I had invited Alex out to karaoke with my roommates and I the day before. When we both declined a slightly awkward group text to hang out with one of our underage friends, CJ snap chatted me asking what I was up to tonight. I politely extended CJ an invite, and Alex forced him to join us. 


Alex was talking to my roommates and CJ had slid into the booth next to me. There was something disturbingly familiar about our physical proximity, and when we found ourselves at the less-crowded bar at the Blue Leprechaun, it could have been January: 



Once upon a January night, my roommates went to Blue Lep to meet up with Alex and his roommates. My best friend Sarah was in town and CJ surprised us by coming out with Alex.


"I'm buying you a drink," CJ had touched my arm, and when we made our way to the downstairs bar, he got us a round of tequila shots and mixed drinks. As we did our shots, CJ seemed to find every excuse to lean in closer to me, to touch my hair, or put a hand on my waist. 

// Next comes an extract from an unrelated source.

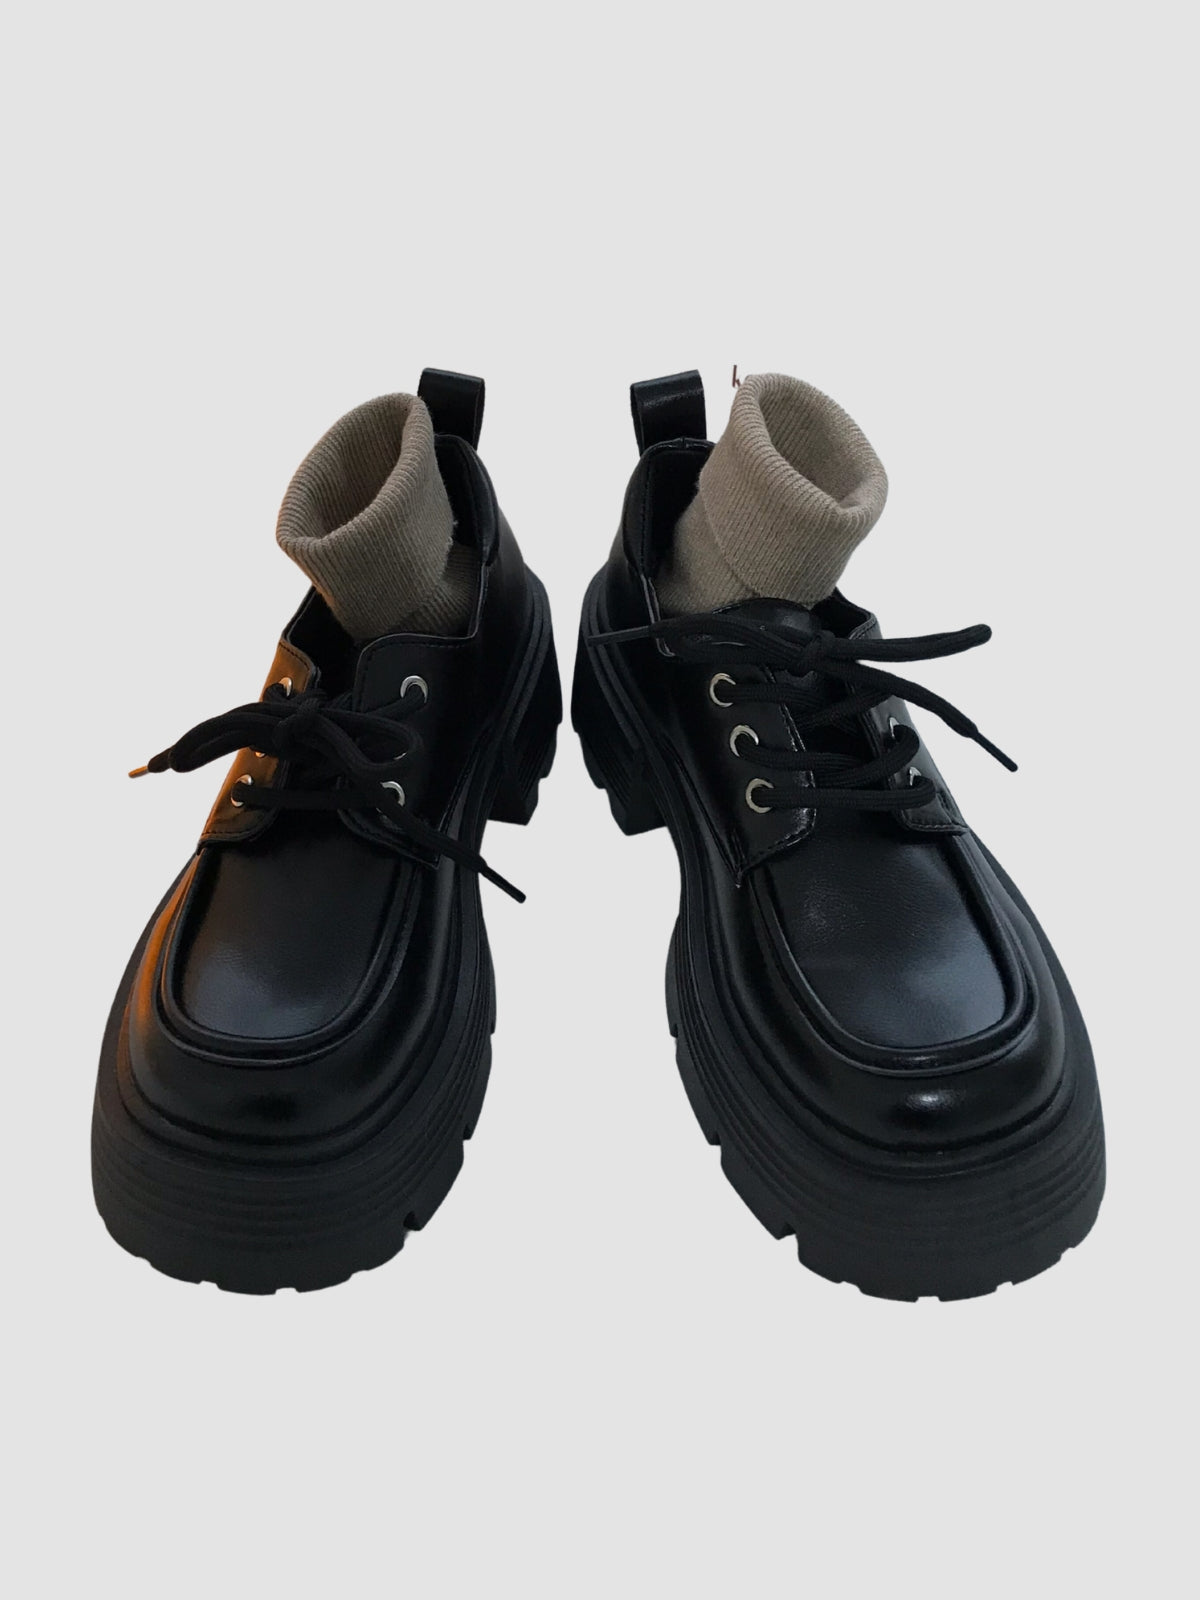 WLS Thick Soled Leather Women Retro Shoes

While CJ was flirting with me at the bar, Alex was telling Sarah (who would later tell me and I would run in circles around the bathroom panicking) what CJ told him earlier: "Things are really bad with Sarah right now, make sure nothing happens with Kaitlyn tonight."

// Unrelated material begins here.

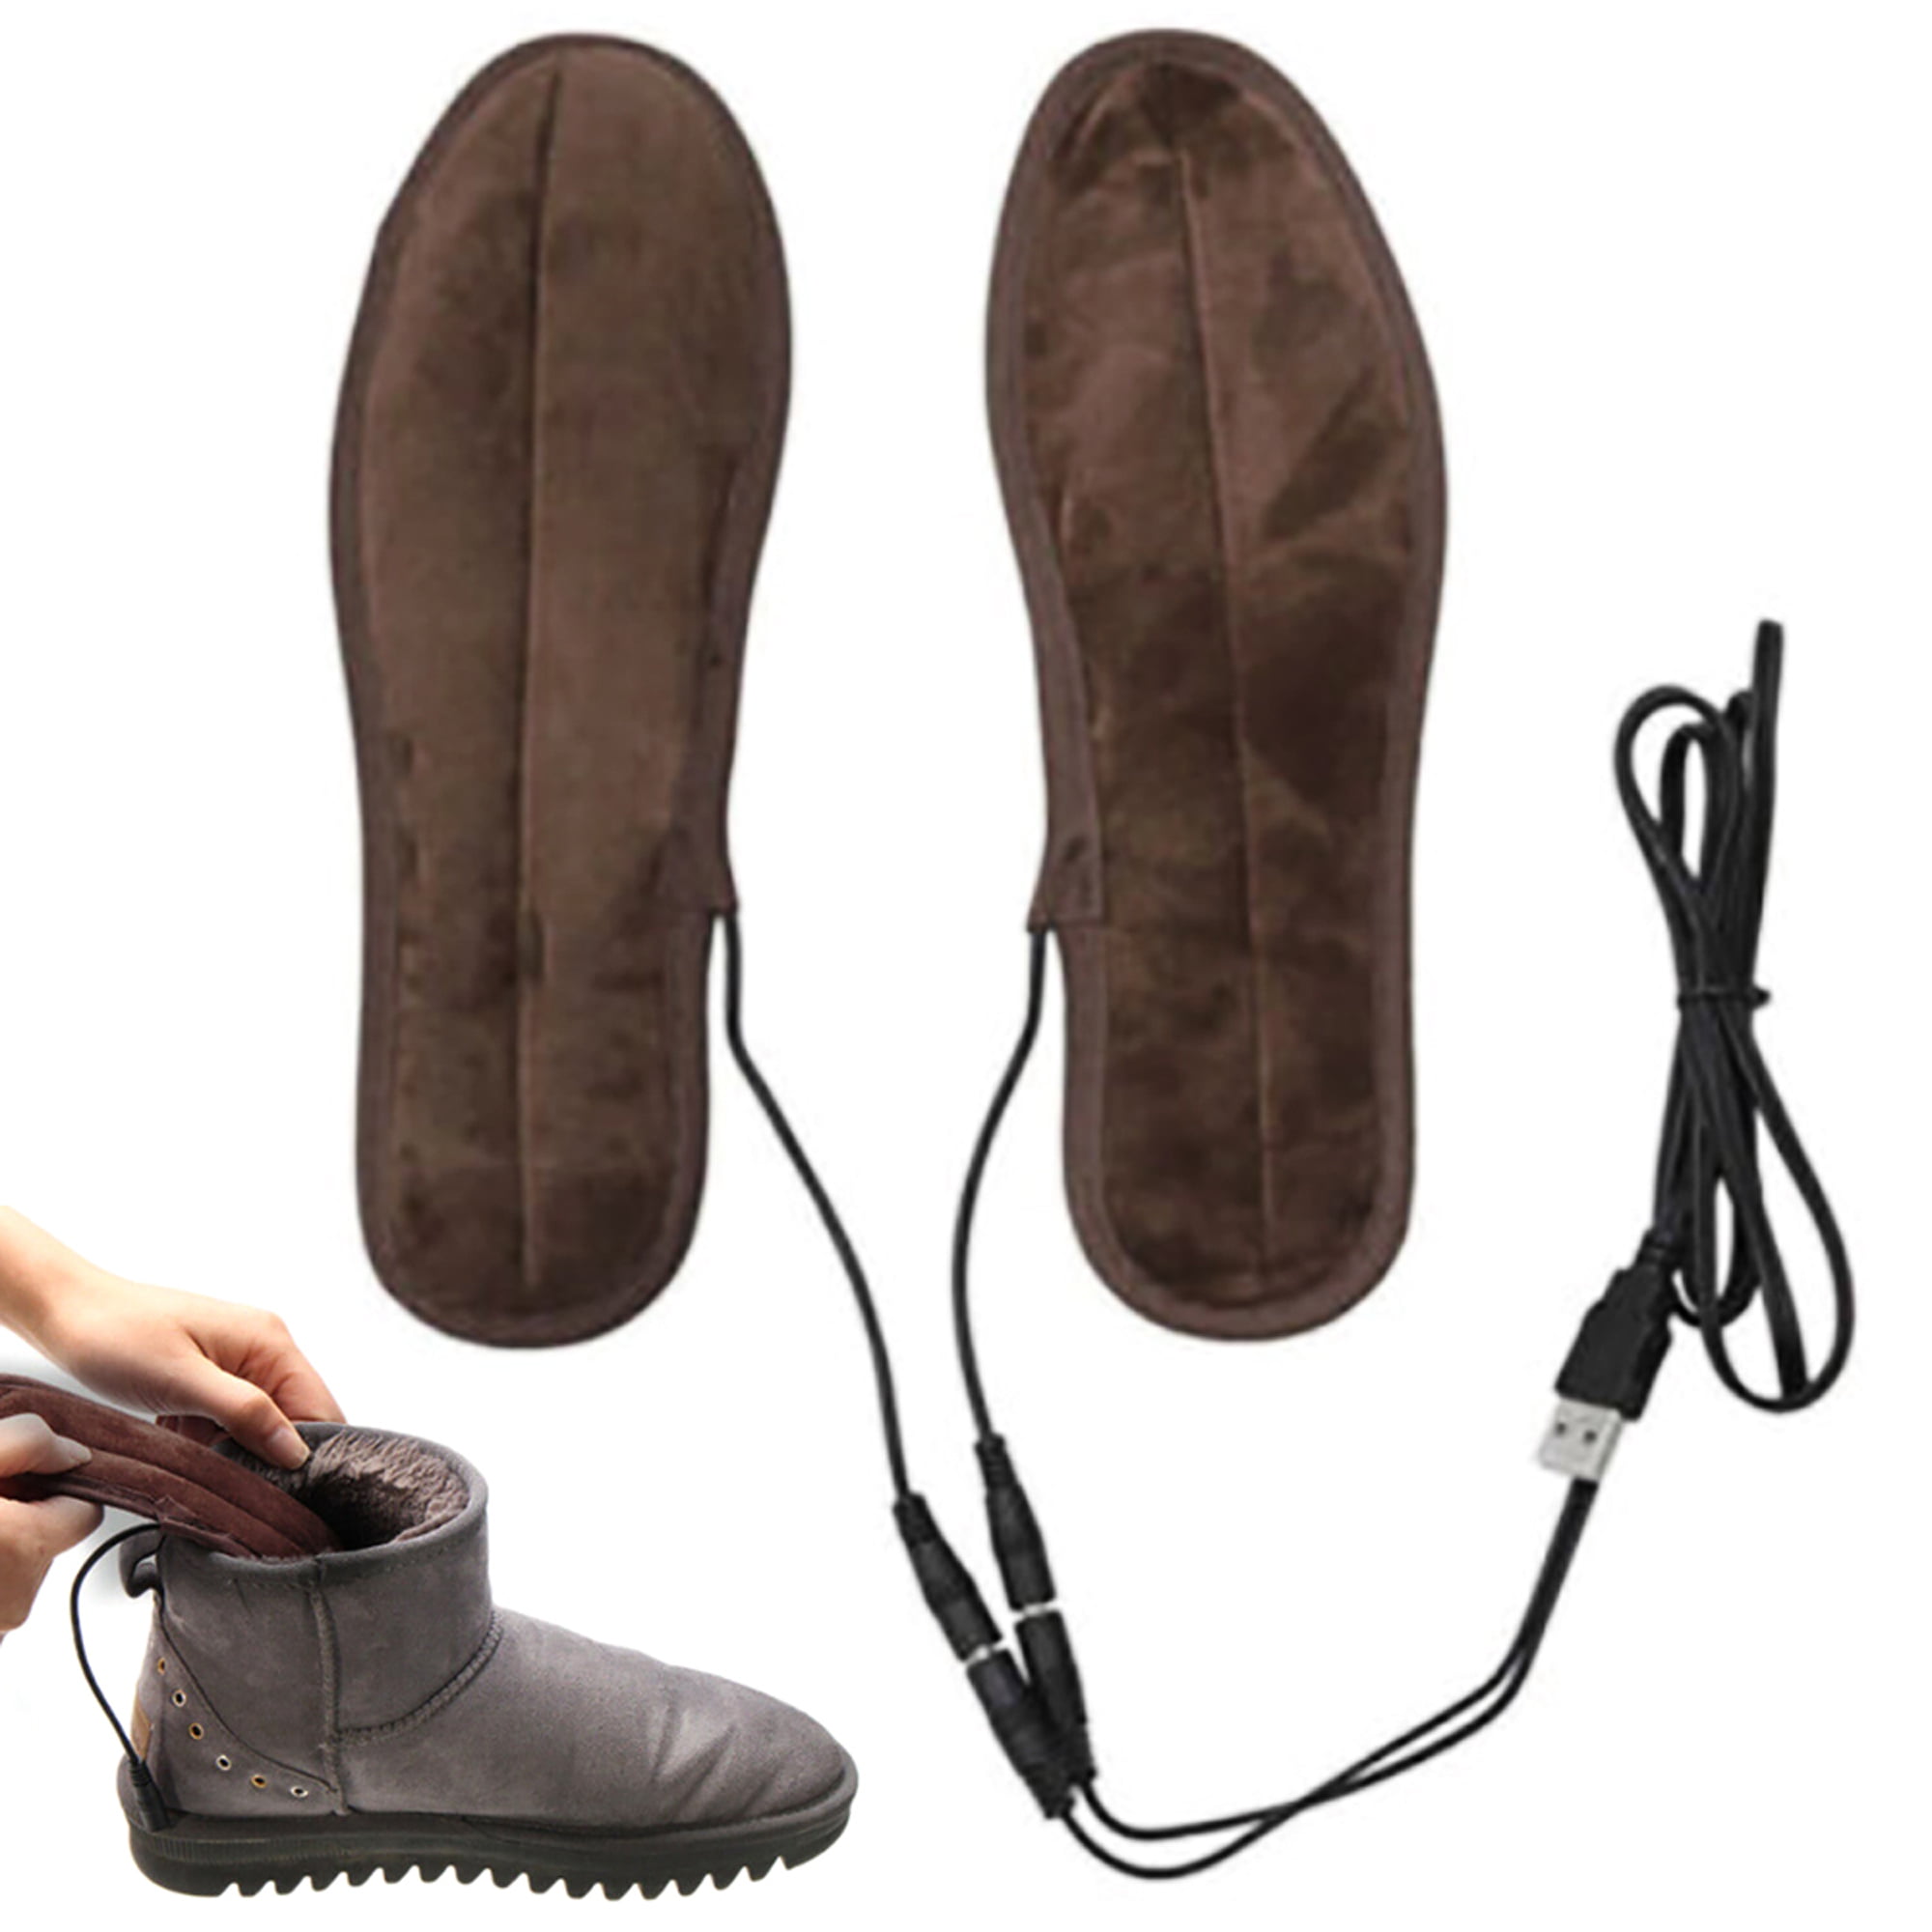 Socks Heated Shoes Insoles Rechargeable Boots Pad Warm Charging Film USB

Those words would kick off the whirlwind of the semester.


In April, we were standing at the exact same spot at the bar, waiting on a round of Jager bombs with Alex. I felt an arm snake around my waist and I didn't know how to feel about it. CJ was leaving the next day to see Sarah, he shouldn't have his arms around the one girl he had a history with. CJ put in another order with the bartender and the three of us barely finished our drinks before two more shots were in front of CJ and I, and CJ handed me a beer. 

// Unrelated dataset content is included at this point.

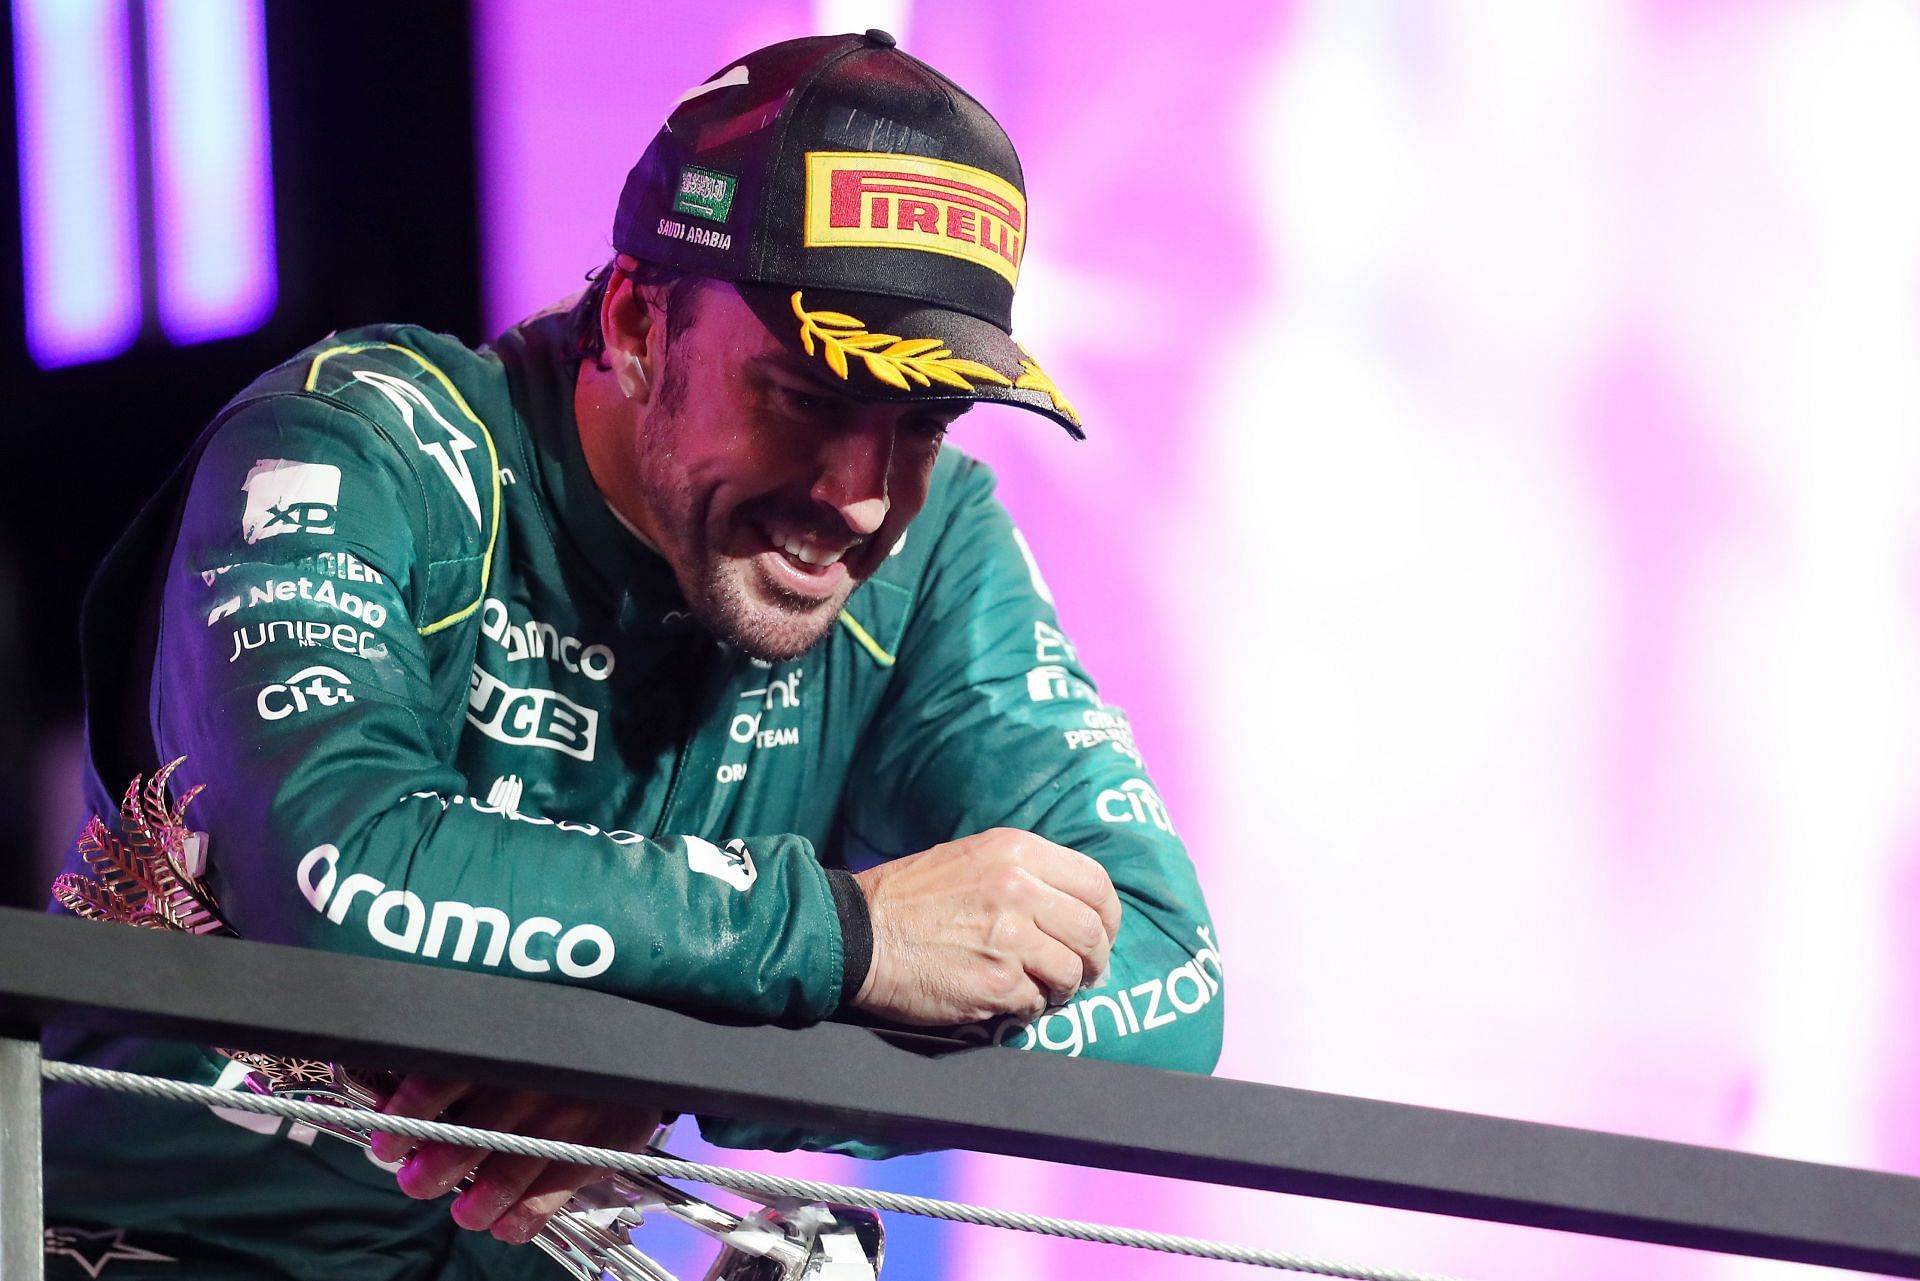 “It is painful” - Red Bull drivers react to Fernando Alonso’s penalty in the 2023 Saudi Arabian F1 GP

"I learned open tango in lesson today," CJ burst out, "I've got to show you! Alex, watch the drinks," CJ's hand went from waist to take my hand.


Luckily, mostly everyone at the bar was upstairs for karaoke so we only had to weave the open tango around the empty high-top tables. We would end up ballroom dancing at the bar...


It was an uncommonly cold April night, the temperature had dipped below freezing. The similarities between the January night at Blue Lep and the current one were intensified by the fact that I had to wear my parka. But there was on major difference: in January, CJ didn't run out of the bar to take a phone call from Sarah.


An hour later, I grabbed my parka and Alex and I went on a mission to find CJ. We cornered him in a parking lot. Literally cornered him between a car and the building next to it, giving him no room to run away from us, only to hang up the phone and face the wrath of his two best friends.


"What are you doing?" I shouted the second he hung up the phone, "This could actually be your last time out with us. Ever. And you're not even going to hang out with us?"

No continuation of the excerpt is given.